Los pobres, siempre los pobres. Los que viven en el lecho de ríos que sólo llevan agua cuando ocurren desastres naturales. Los que habitan en chozas miserables a la orilla del mar, o en las faldas de montañas y volcanes asesinos propensos a erupciones, deslaves y otros cataclismos. Los que construyen sus frágiles moradas en cañadas solitarias u otros sitios abandonados por el hombre. Sí, los pobres, citados en la prensa como muertos o ``desaparecidos'' (que es lo mismo). Muertos sin nombre, apiñados en el fondo de fosas comunes o incinerados por decreto para evitar que se conviertan en foco de infección de otros pobres (los vivos); y, también, los ``desaparecidos'' que nunca aparecerán, porque yacen irremediablemente sepultados por toneladas de lodo y piedra, o bajo los escombros de construcciones derruidas. Treinta mil pobres, que duelen como una herida abierta en la piel de América Latina.
Reza un antiguo proverbio: una imagen vale más que mil palabras. ¡Y con razón! Entre la multitud de fotos desgarradoras que sacudieron al mundo destaca una, que es la imagen personificada del dolor. Es una instantánea que resume la tragedia humana revelada por Sófocles y consagrada en las obras maestras de William Shakespeare; la tragedia que luego sería desenterrada de los escondrijos del alma por el genio de Eugene O'Neill. Los hechos ocurrieron en El Salvador, pero deben haberse repetido con macabra insistencia en otras partes de Centro América. En un camino solitario, y bajo la lluvia torrencial, un hombre, fulminado por la tragedia, lleva en sus brazos extendidos -como una ofrenda pagana al Dios de las tempestades- el cuerpo exangüe de su hija. Los ojos del padre lloran e invocan al cielo: ¿cómo, después de tanta pobreza? El rostro sereno de la infanta ahogada (pálido, como la amada inmóvil de Amado Nervo) contrasta con el rictus de dolor de la madre quien, a la orilla del camino, lanza un grito desgarrador que, en la era de la globalización, debería justamente trascender las fronteras para escucharse en el Foro Económico de Davos, en la Escuela de Chicago (ahí donde Milton Friedman y los Chicago Boys), en el Parlamento Europeo (el engendro de Maastricht) y en los gabinetes ministeriales donde se toman las decisiones del TLC.

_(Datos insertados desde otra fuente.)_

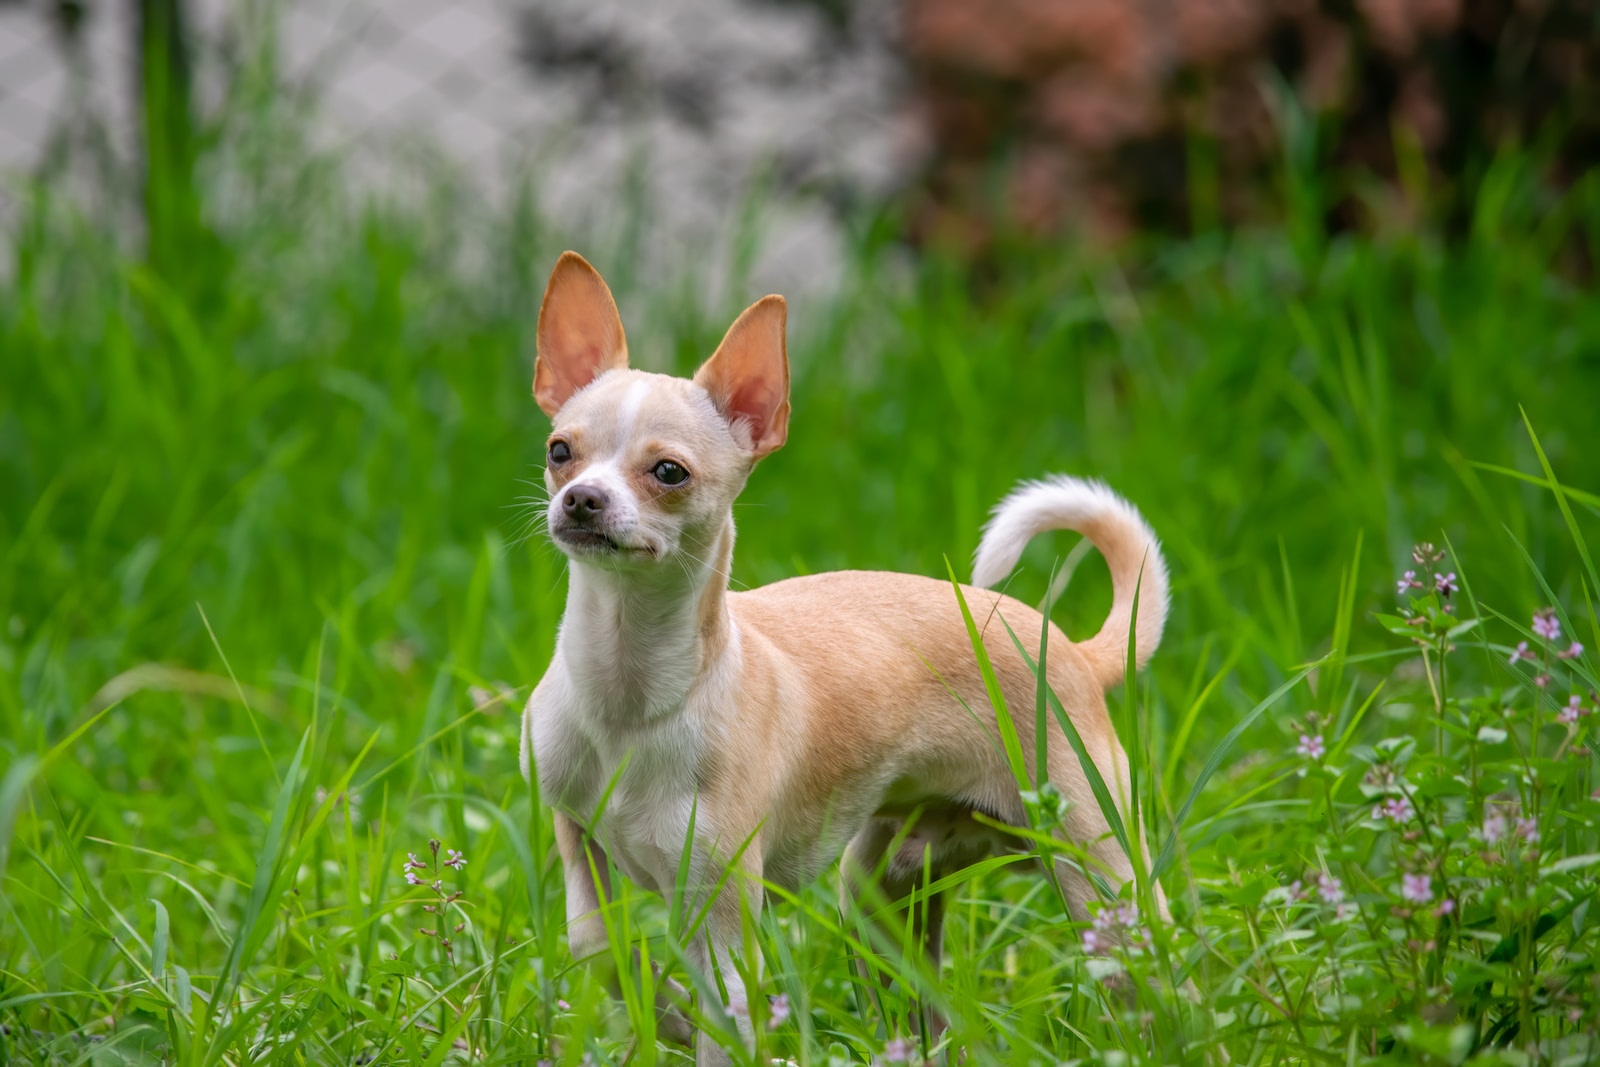 Charming Companions: Why Kids Love Chihuahuas as Pets

¡Comerciantes de todos los países, uníos en la marcha hacia la globalización: el libre comercio os hará libres! Pero, mientras tanto, ¿quién cuidará de los pobres y los desempleados? ¿Quién consolará el llanto de esa madre y aliviará al padre desolado? Y en cuánto a la globalización, esa sembradora de miseria: ¿cuándo nos llevará a la tierra prometida: la utopía del bienestar económico en cascada?

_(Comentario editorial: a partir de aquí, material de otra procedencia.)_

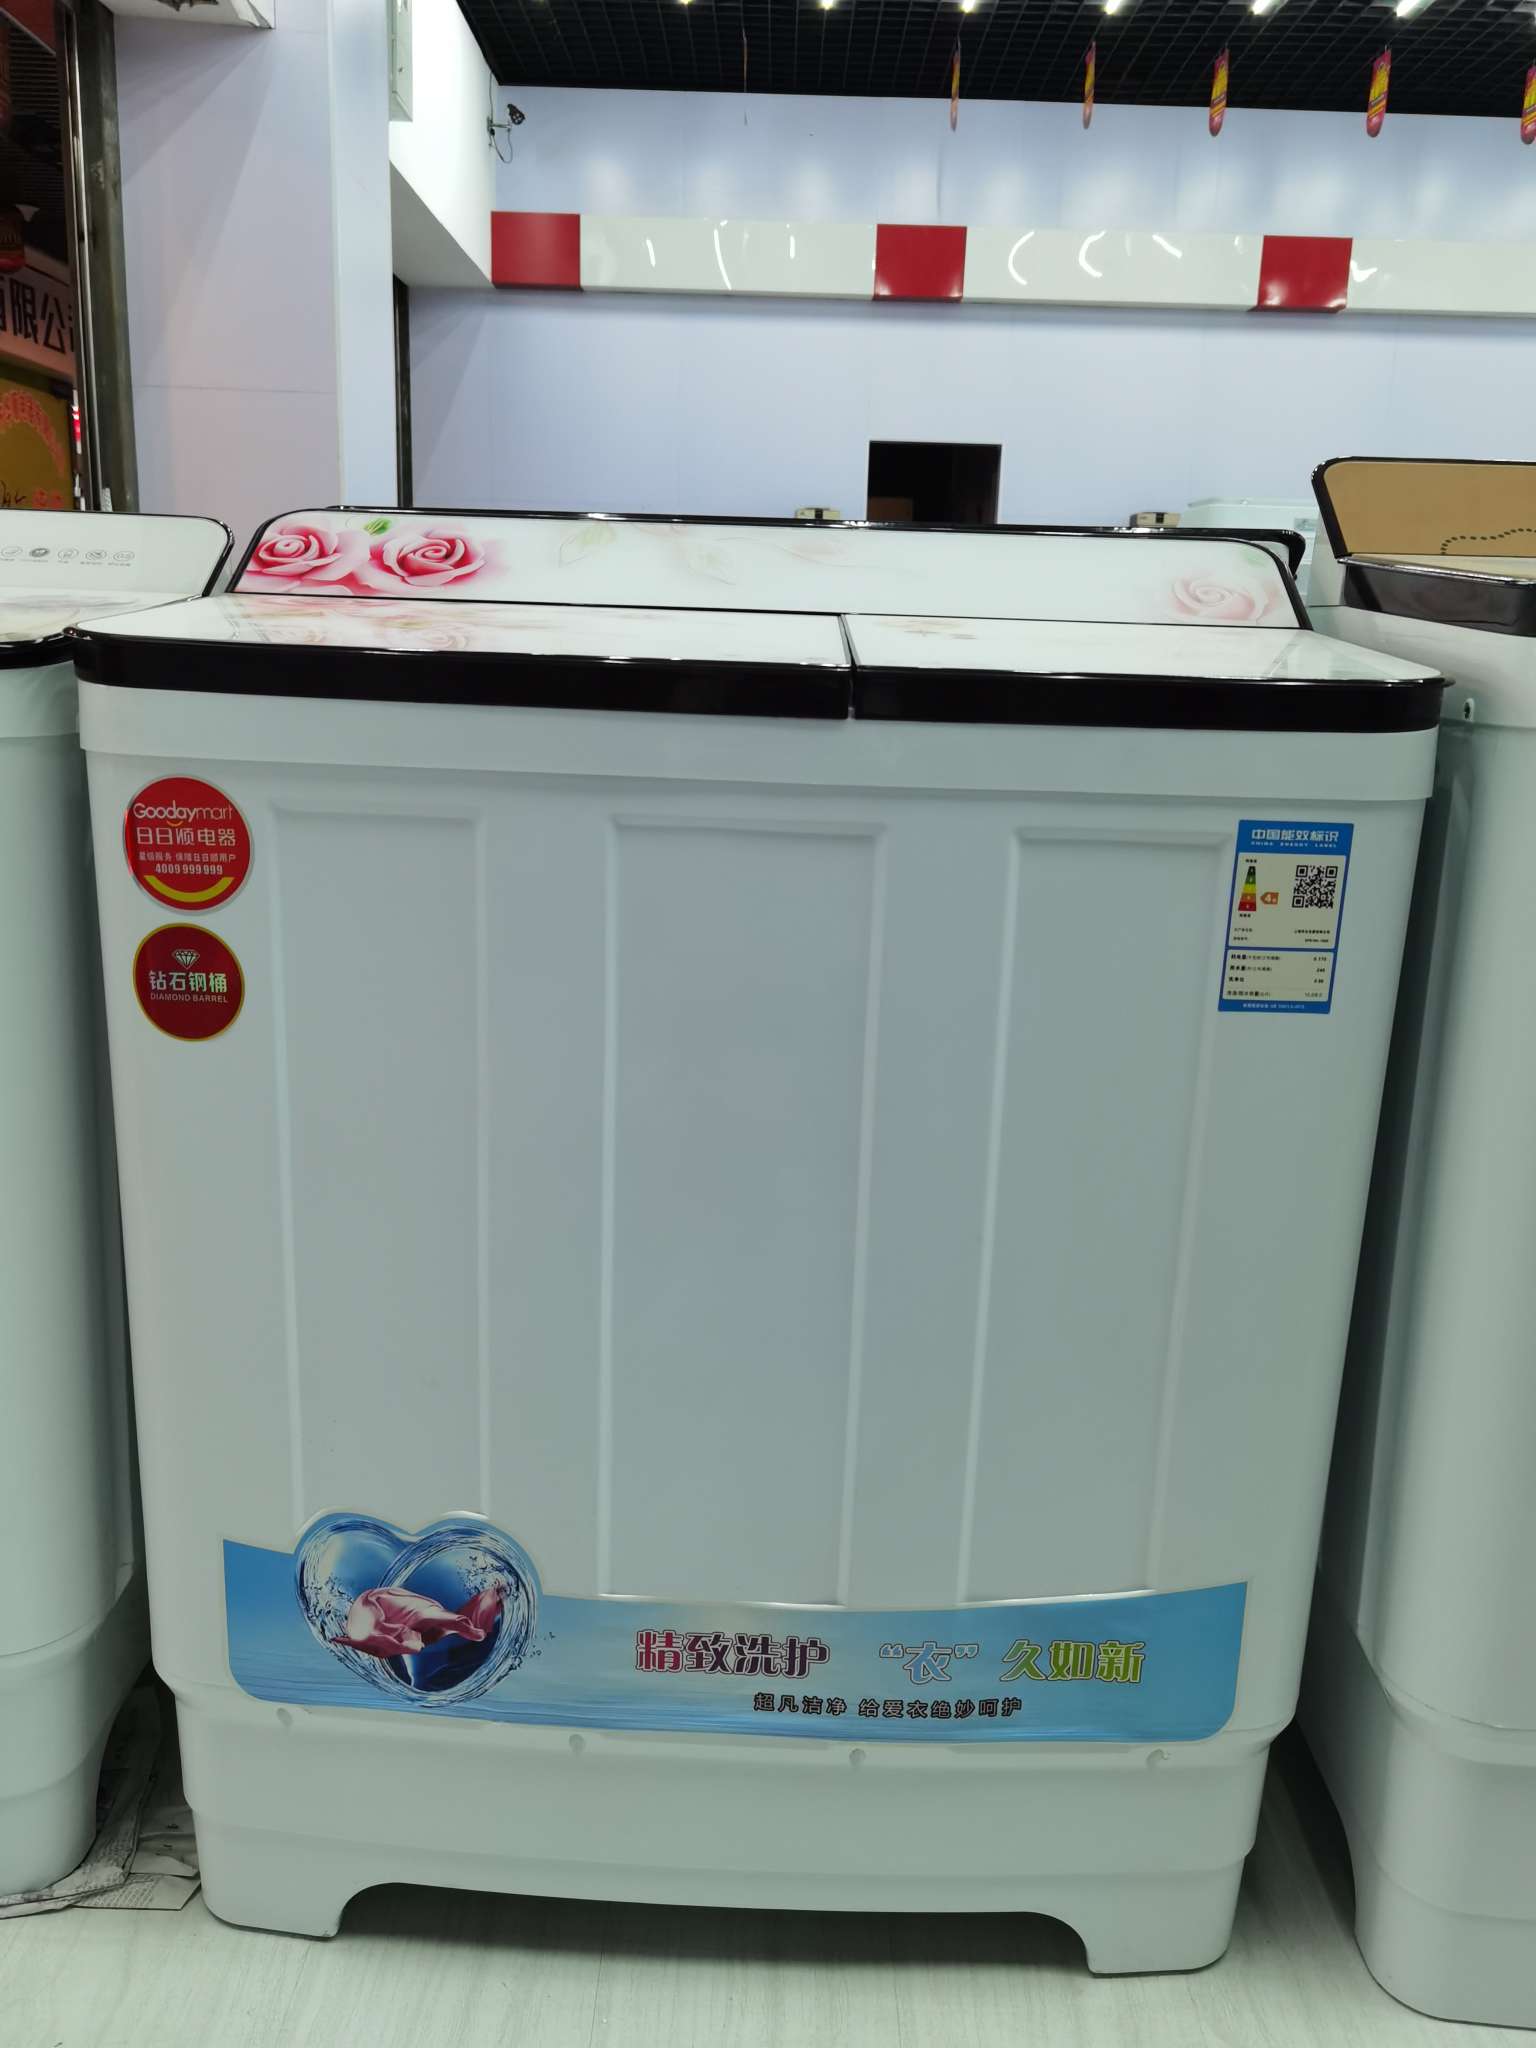 上海华生半自动洗衣机

Sin embargo, los apóstoles neoliberales -ciegos y sordos-, continúan navegando contra la tormenta. Uno de ellos, Gerald Segal, afirmó recientemente que la globalización está en crisis sólo por la torpeza de los líderes de los países ricos. Estos necesitan comprender que la globalización debe continuar su marcha inexorable, ``aun sin referencia a la mayoría del resto del mundo'' -¡magnífico: una ``globalización'' privada!-, porque ``es un proceso destinado a sentar las bases de la sociedad postindustrial'', o sea: las reglas para que los países ricos continúen ``administrando'' (dicen ellos, ``explotando'', diría yo) las economías, recursos naturales, bolsas de valores y fuerza laboral de los países pobres. (Aunque, para infortunio de Segal, casi todas las potencias europeas estén ahora gobernadas por líderes socialistas que reactivan sus economías mediante gasto público y reducción de las tasas de interés, y protegen sus mercados nacionales controlando los movimientos de capitales).

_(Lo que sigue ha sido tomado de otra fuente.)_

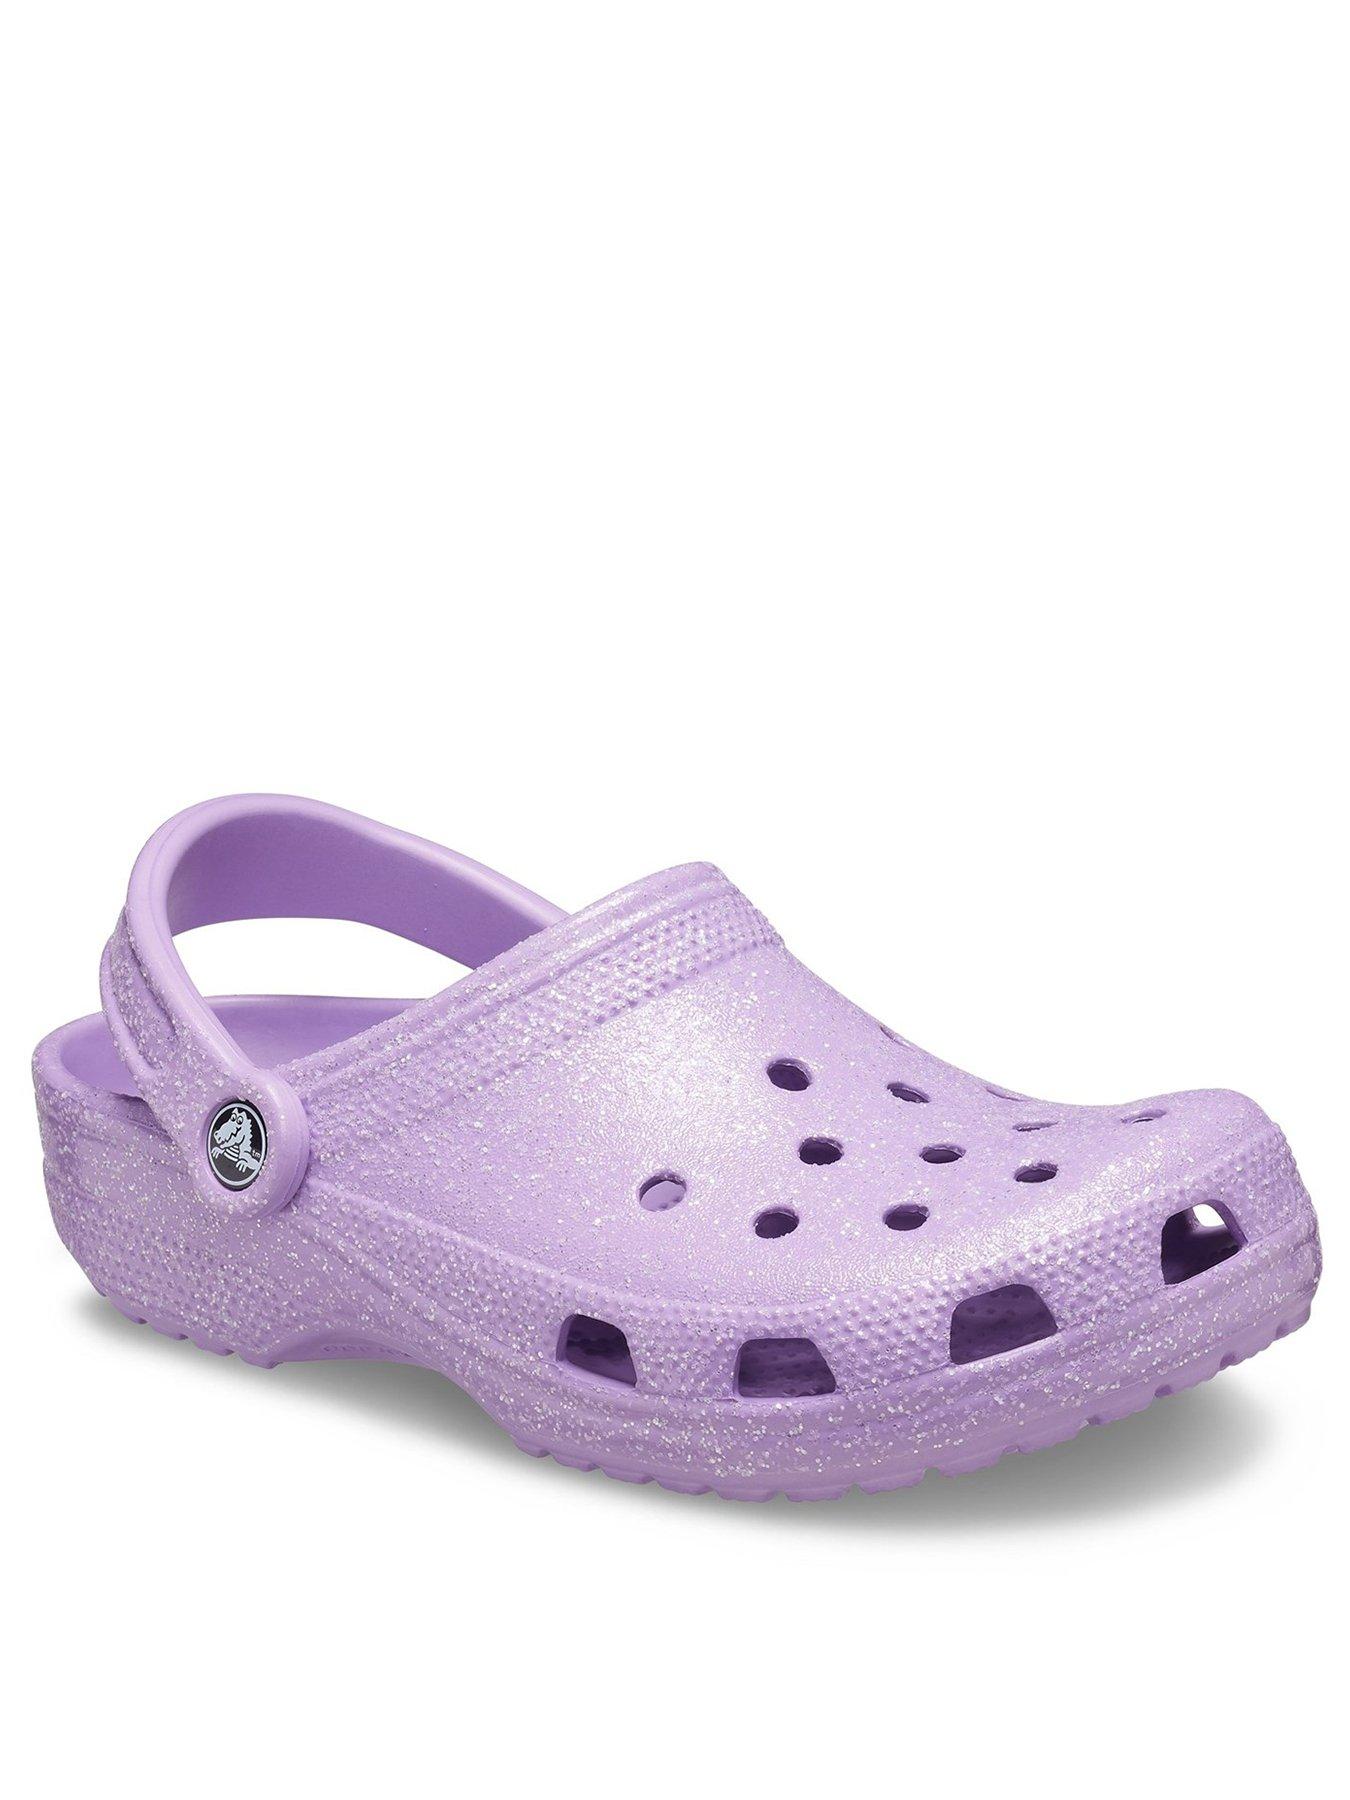 Crocs Sugar Glitter Clog Flat Shoes - Purple | littlewoods.com

Imposible resistir la tentación de no tomar prestado para este artículo el título del cartón alusivo de Plantu publicado en días pasados en Le Monde. El dibujo muestra a un hombre bien nutrido, y mejor vestido, que se quita el sol con un paraguas hecho de la mitad superior del globo terráqueo -el norte-, mientras, justo a su lado, un niño desharrapado se hunde en una tina, representada por la mitad inferior del globo terráqueo -el sur-, acosado por rayos, truenos, lluvia, y tempestades indescriptibles. A propósito, Mario Benedetti reveló recientemente en La Jornada Semanal que José Saramago -en conferencia de prensa con motivo del Nobel en Madrid- recordó que un grupo social minoritario era el dueño de la aplastante mayoría del capital mundial. ``Por eso -concluyó el Nobel- este mundo es una mierda'': ¡vale!